John Beardsley
Curator of The Cornelia Hahn Oberlander International Landscape Architecture Prize, The Cultural Landscape Foundation
Author, educator, and curator, John Beardsley is the inaugural curator for the Cornelia Hahn Oberlander International Landscape Architecture Prize for The Cultural Landscape Foundation. Trained as an art historian, he earned an A.B. from Harvard University and a Ph.D. from the University of Virginia. He is the author of numerous books on contemporary art and design, including Earthworks and Beyond: Contemporary Art in the Landscape (fourth edition, 2006) and Gardens of Revelation: Environments by Visionary Artists (1995), as well as many titles on recent landscape architecture. He has taught in the departments of landscape architecture at the University of Virginia, Charlottesville, 1985–96; the University of Pennsylvania, Philadelphia, 1989–92; and Harvard University, Cambridge, where he was an adjunct professor at the Graduate School of Design from 1998 to 2013, teaching courses in landscape architectural history, theory, research, and writing.
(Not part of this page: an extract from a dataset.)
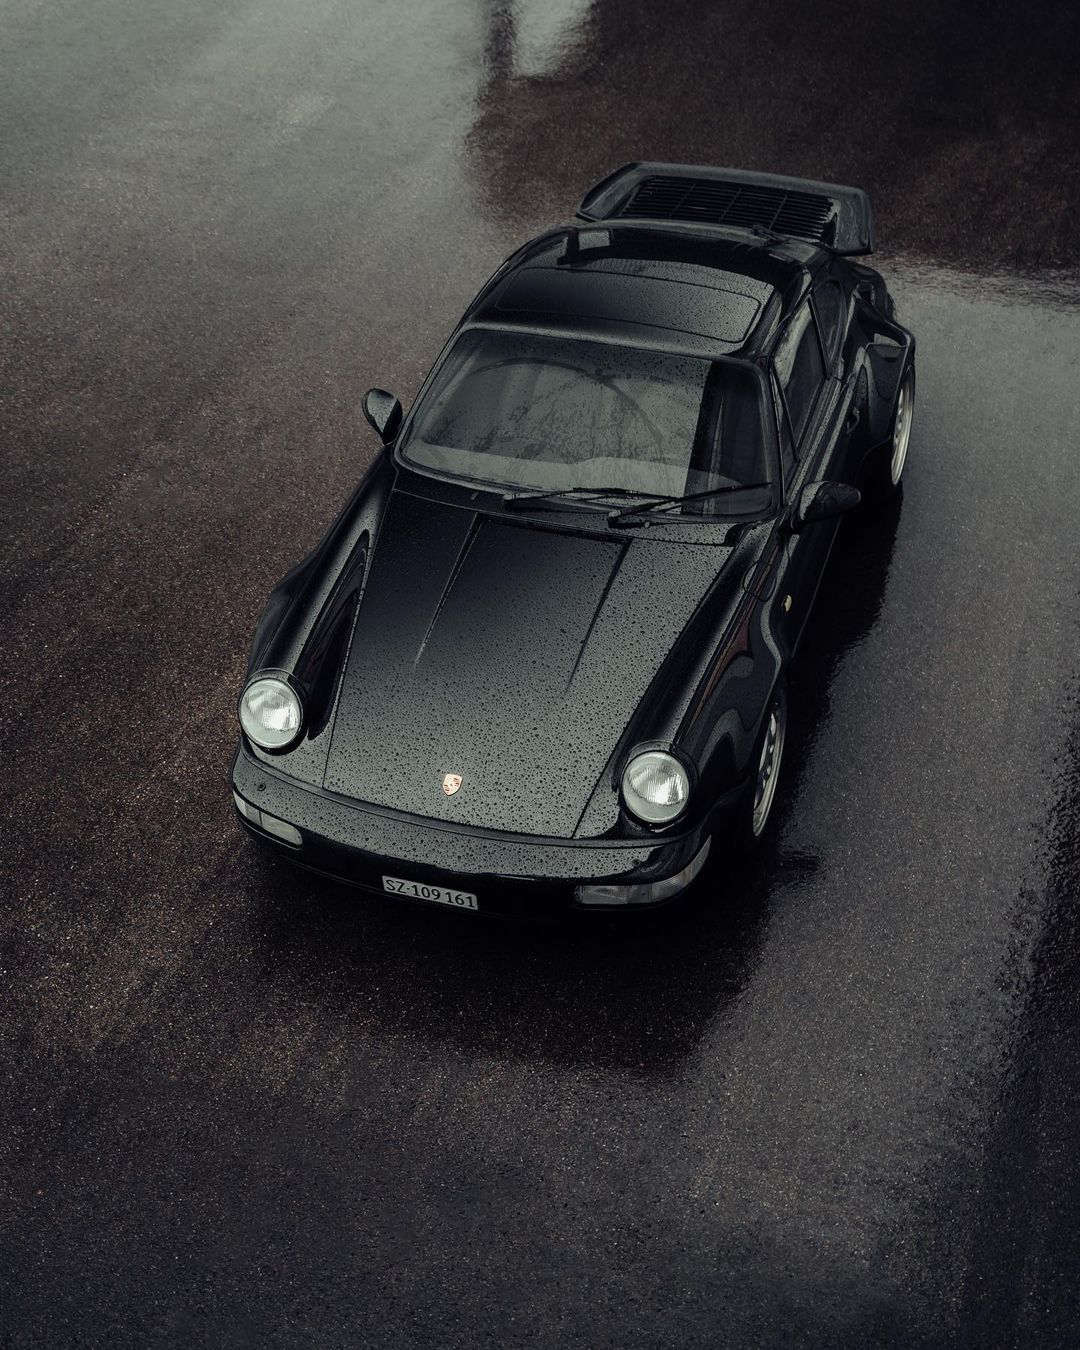 Black Porsche 911 (type 964) on wet road, from above

Beardsley’s exhibitions include “Black Folk Art in America” (Corcoran Gallery of Art, 1982); “Hispanic Art in the United States” (1987); and "The Quilts of Gee's Bend" (2002; both for the Museum of Fine Arts, Houston). In 1997 he was curator of the visual arts project "Human Nature: Art and Landscape in Charleston and the Low Country" for the Spoleto Festival U.S.A. From 2008-19, Beardsley served as Director of Garden and Landscape Studies at the Dumbarton Oaks Research Library and Collection in Washington, D.C., where his initiatives included a series of installations of contemporary art in the institution’s historic gardens, as well as a new Andrew W. Mellon Foundation-funded program in urban landscape studies.